• Exercise prompt
Could you transcribe exactly the lines below, from the line with "BUIgtTklOP Pants For" through the line with "RICOH Options B313", and nothing else, leaving out the pictures?

• Task data

--- --- ---

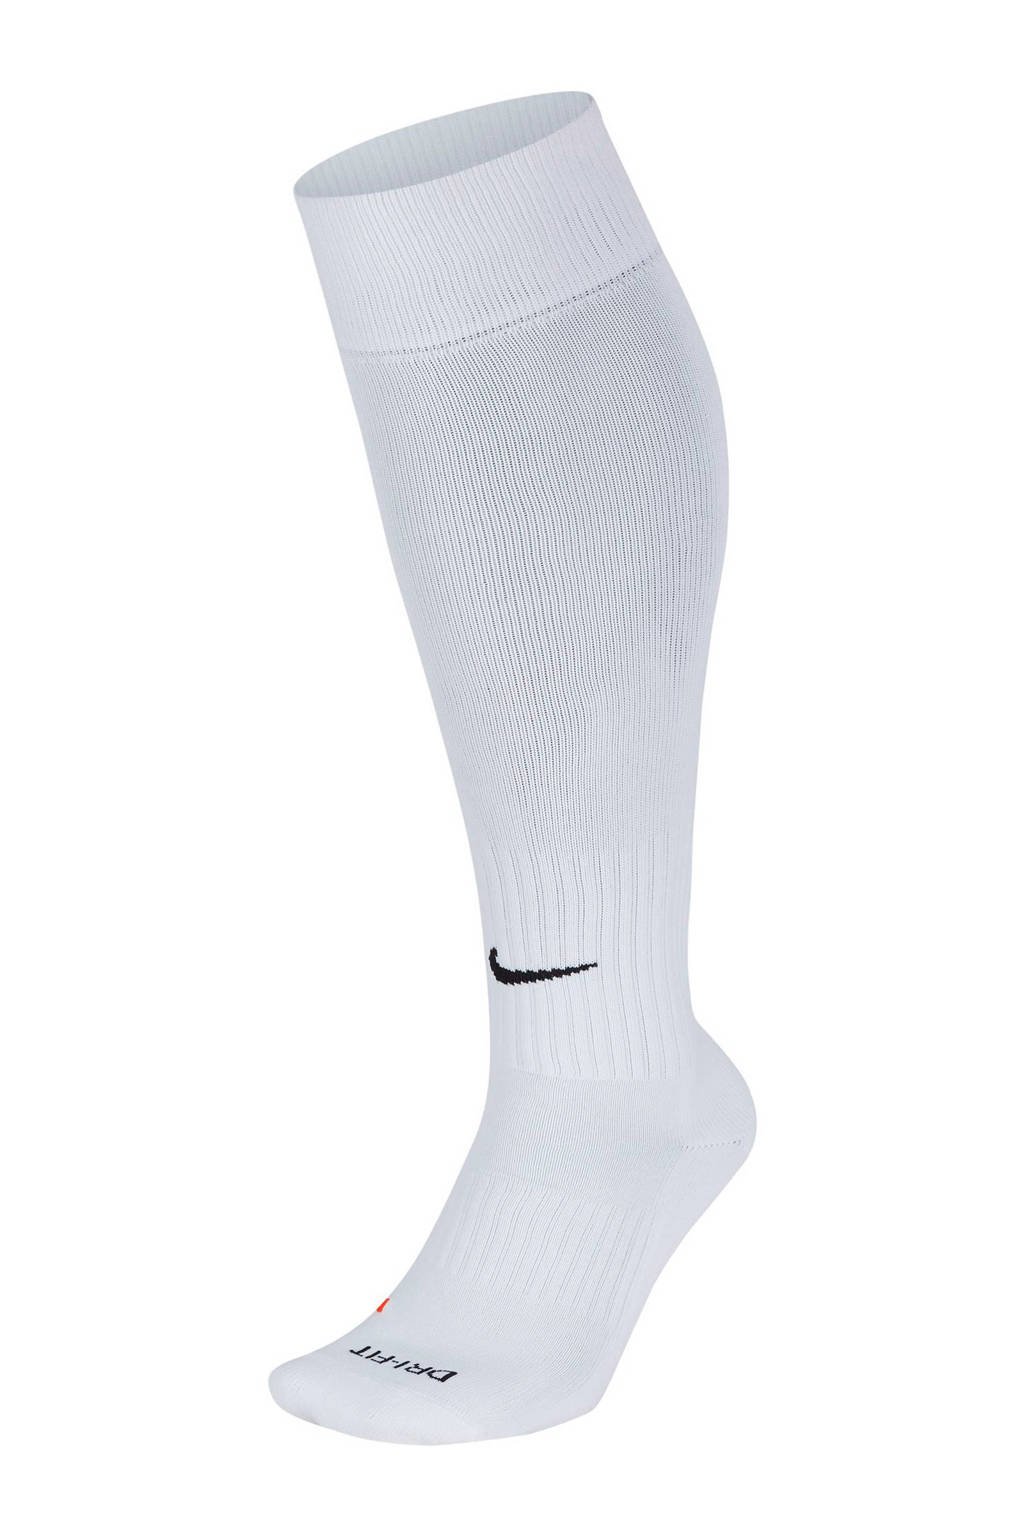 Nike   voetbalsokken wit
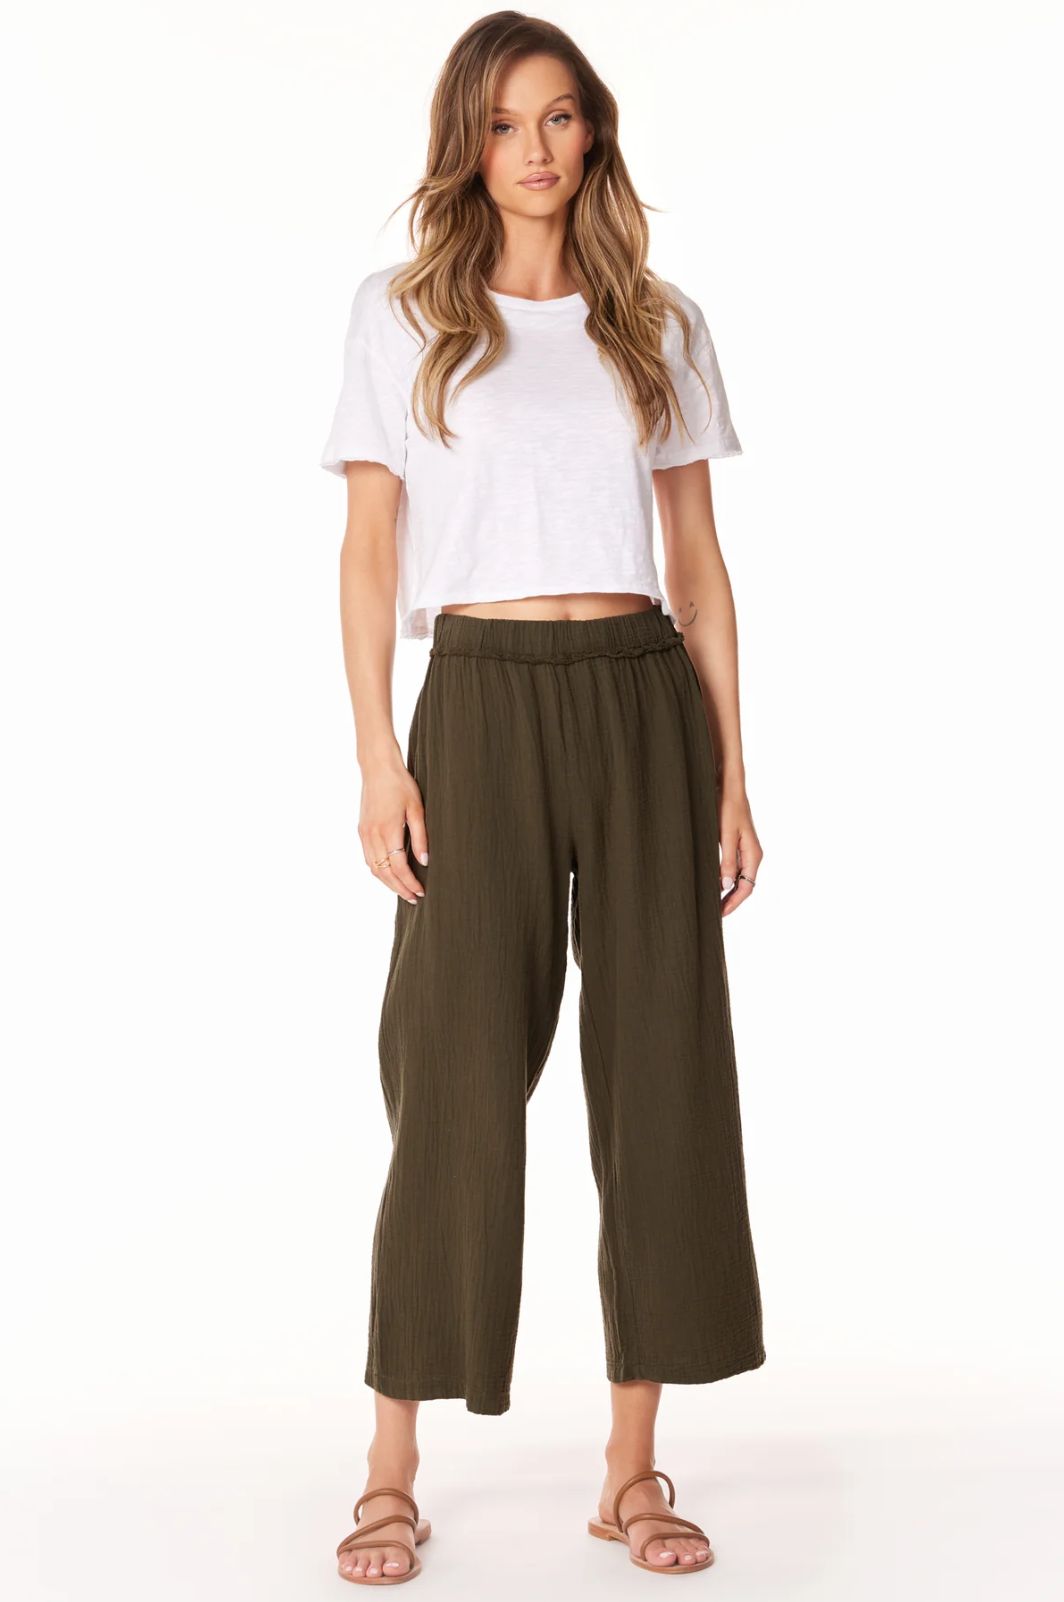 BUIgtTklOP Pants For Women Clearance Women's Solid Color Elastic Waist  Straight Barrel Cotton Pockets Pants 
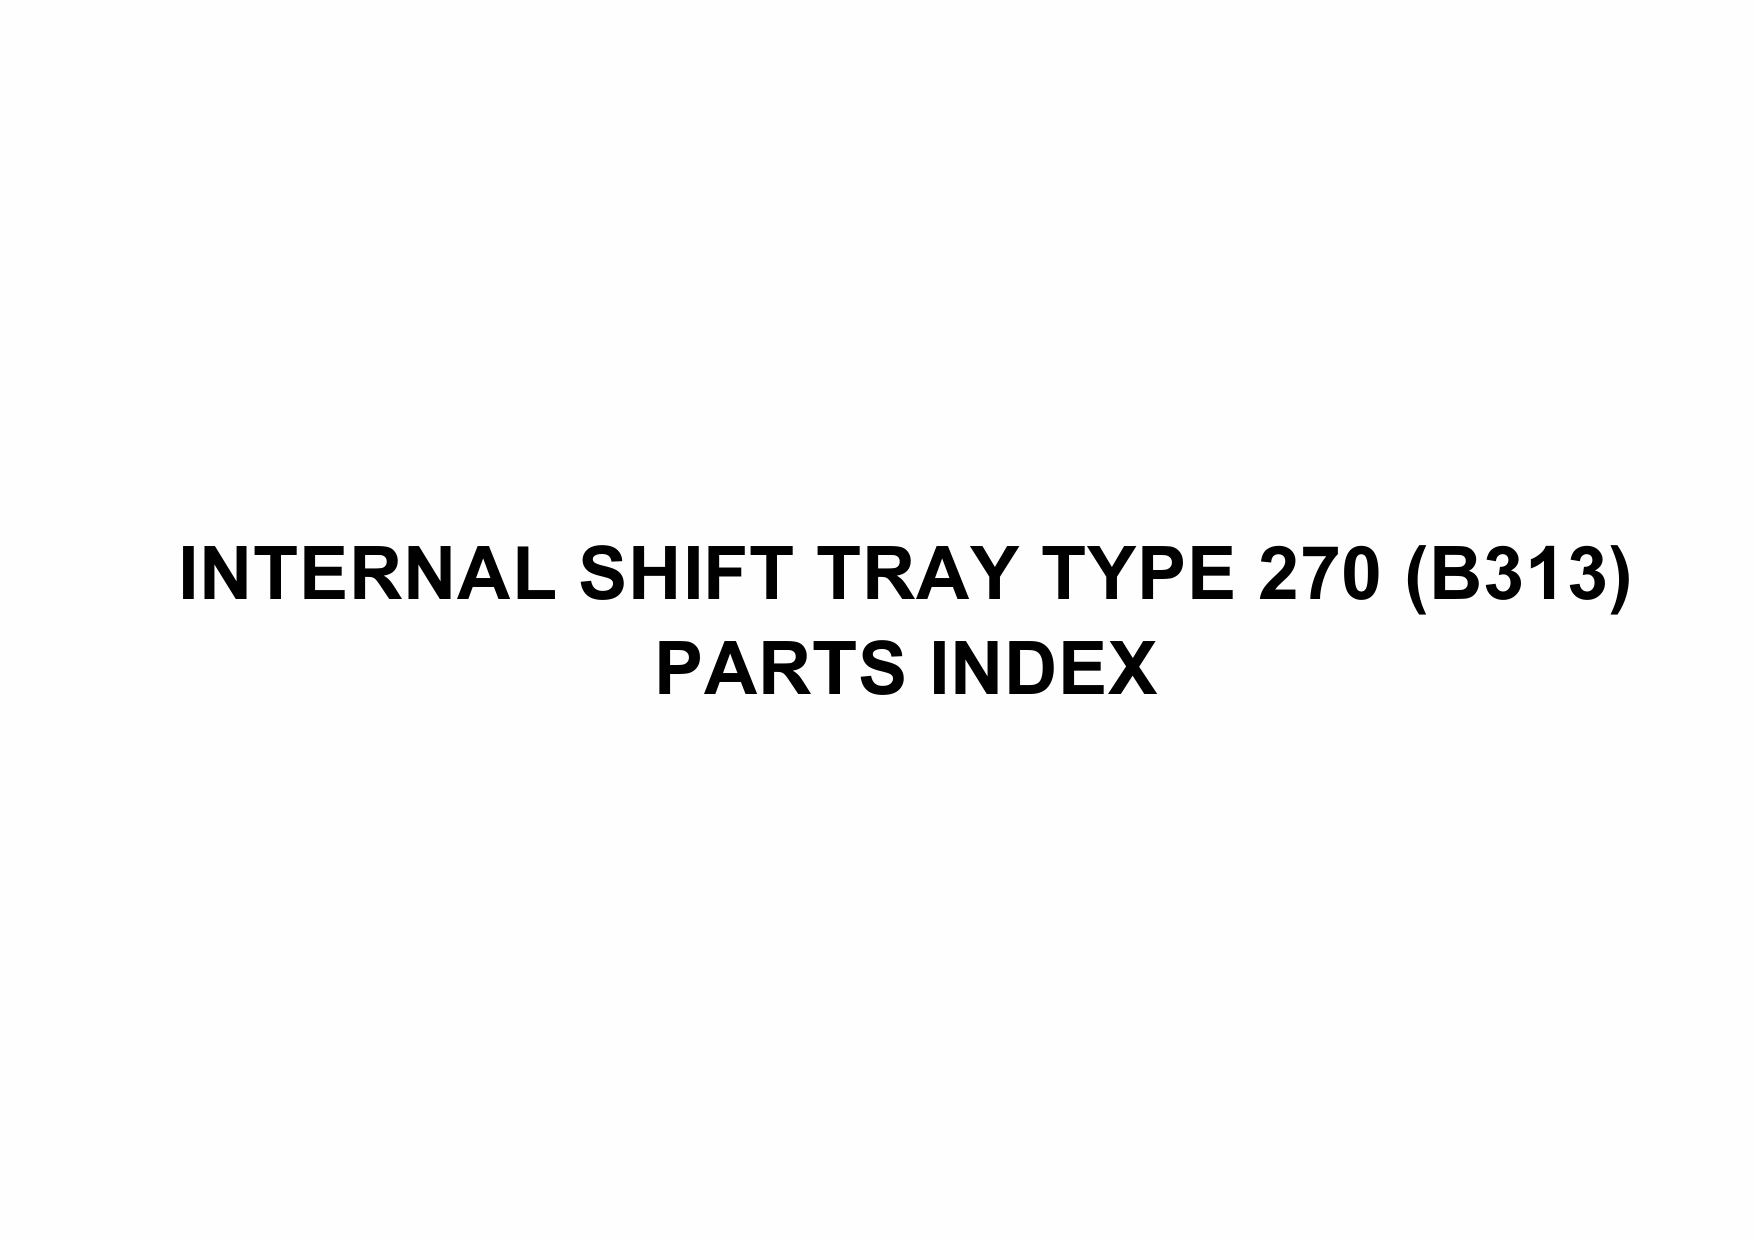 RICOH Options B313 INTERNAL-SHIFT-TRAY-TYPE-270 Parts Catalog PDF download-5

--- --- ---

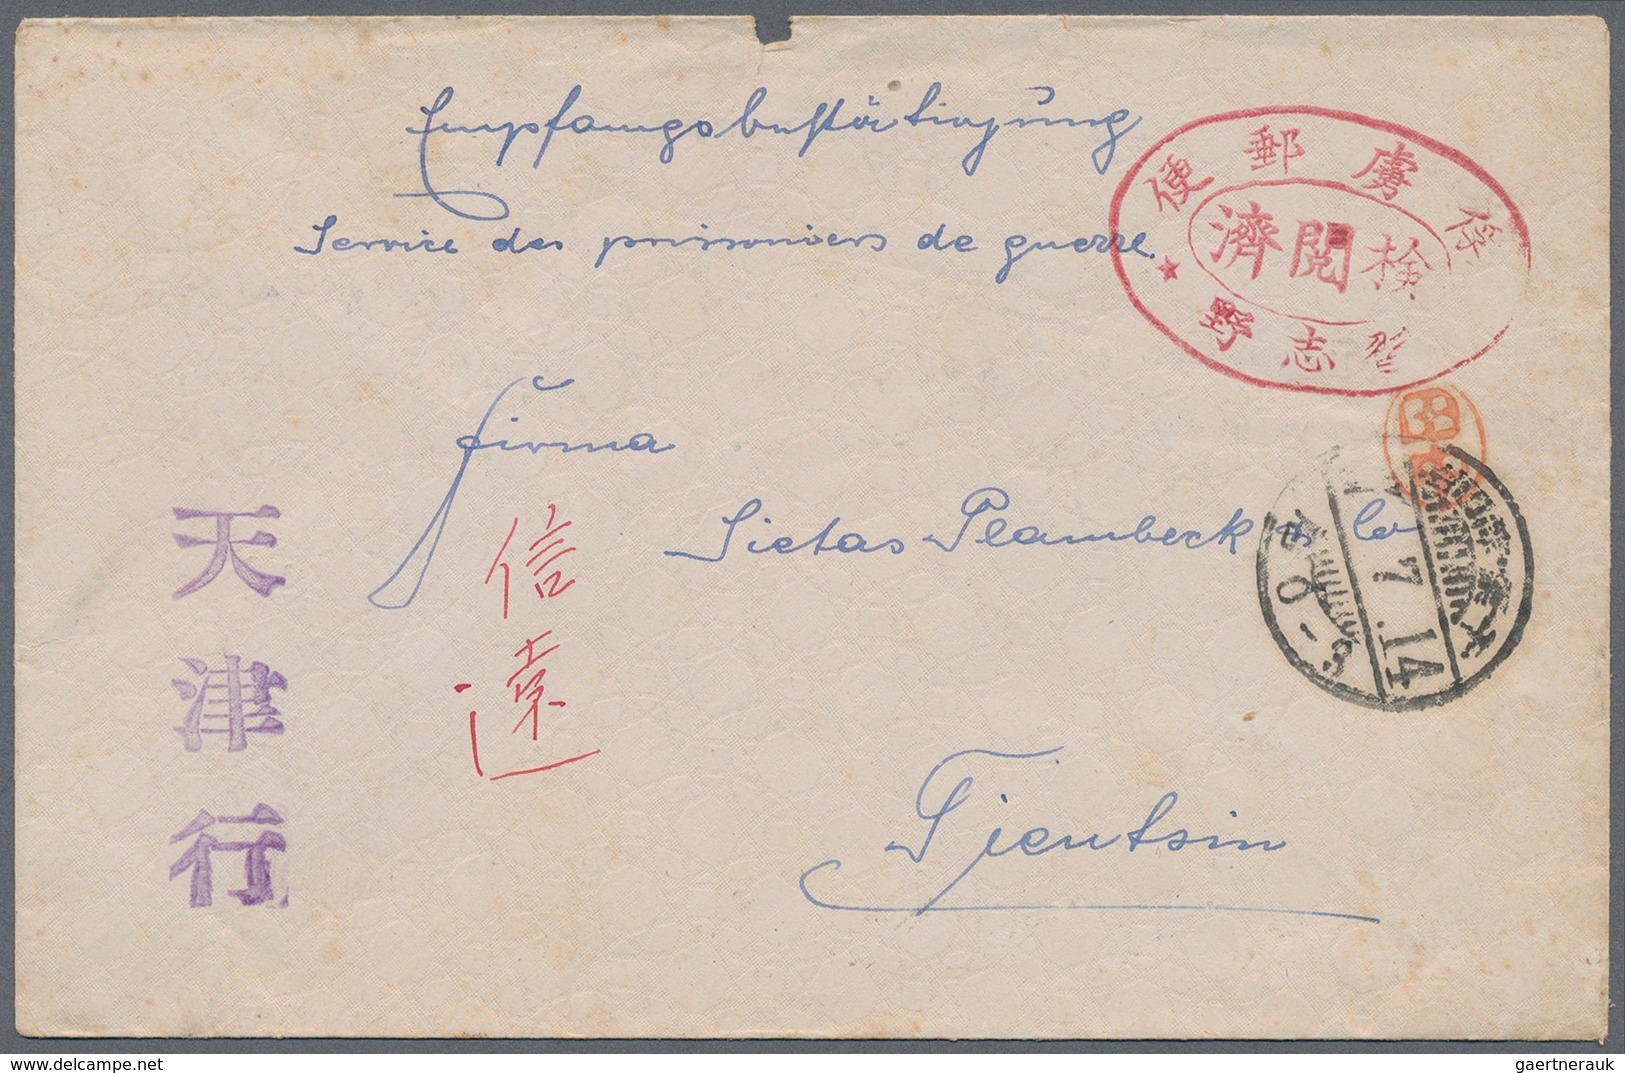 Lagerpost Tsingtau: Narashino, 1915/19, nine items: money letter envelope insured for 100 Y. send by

--- --- ---

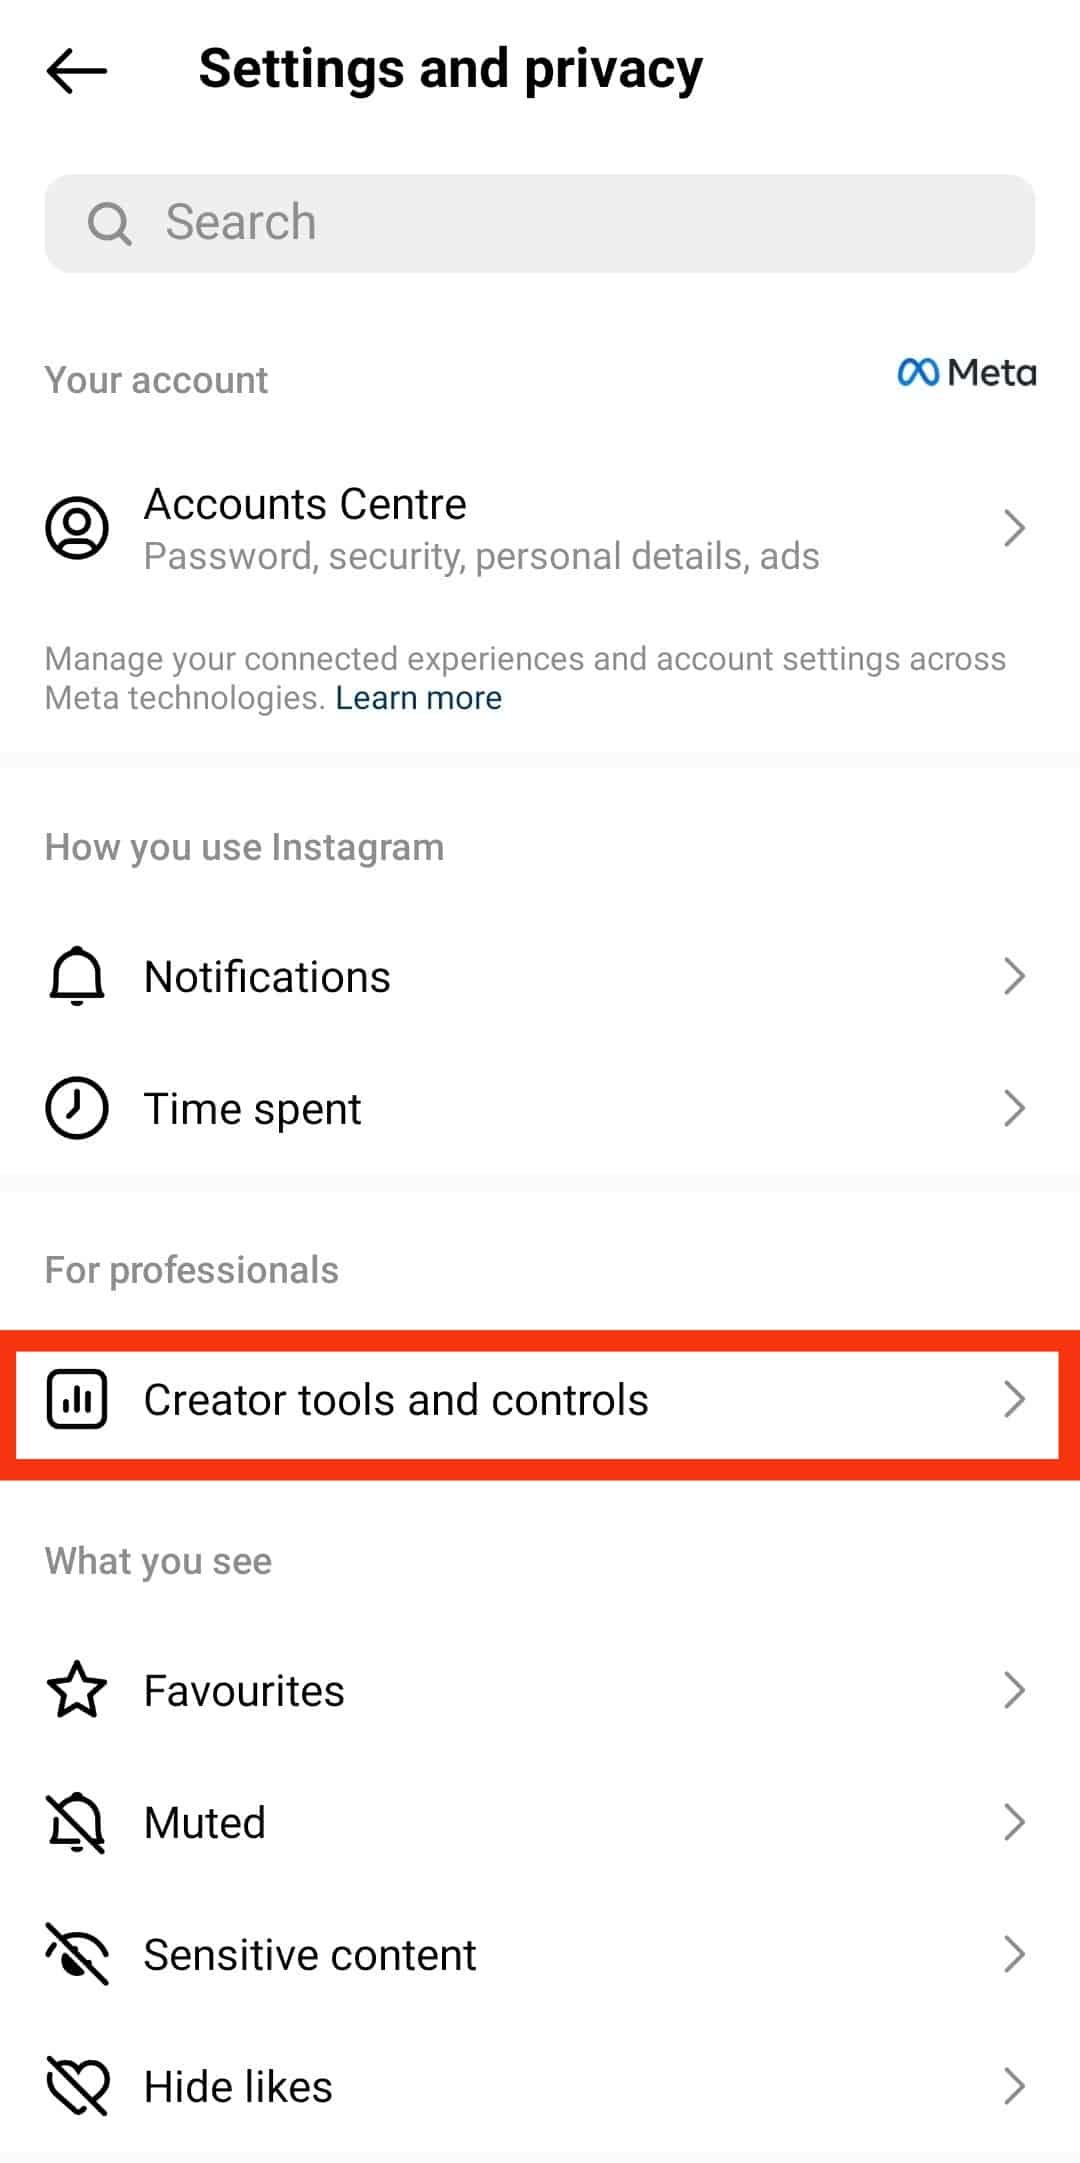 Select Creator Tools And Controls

--- --- ---

• Solution for this task
 BUIgtTklOP Pants For Women Clearance Women's Solid Color Elastic Waist  Straight Barrel Cotton Pockets Pants 
 RICOH Options B313 INTERNAL-SHIFT-TRAY-TYPE-270 Parts Catalog PDF download-5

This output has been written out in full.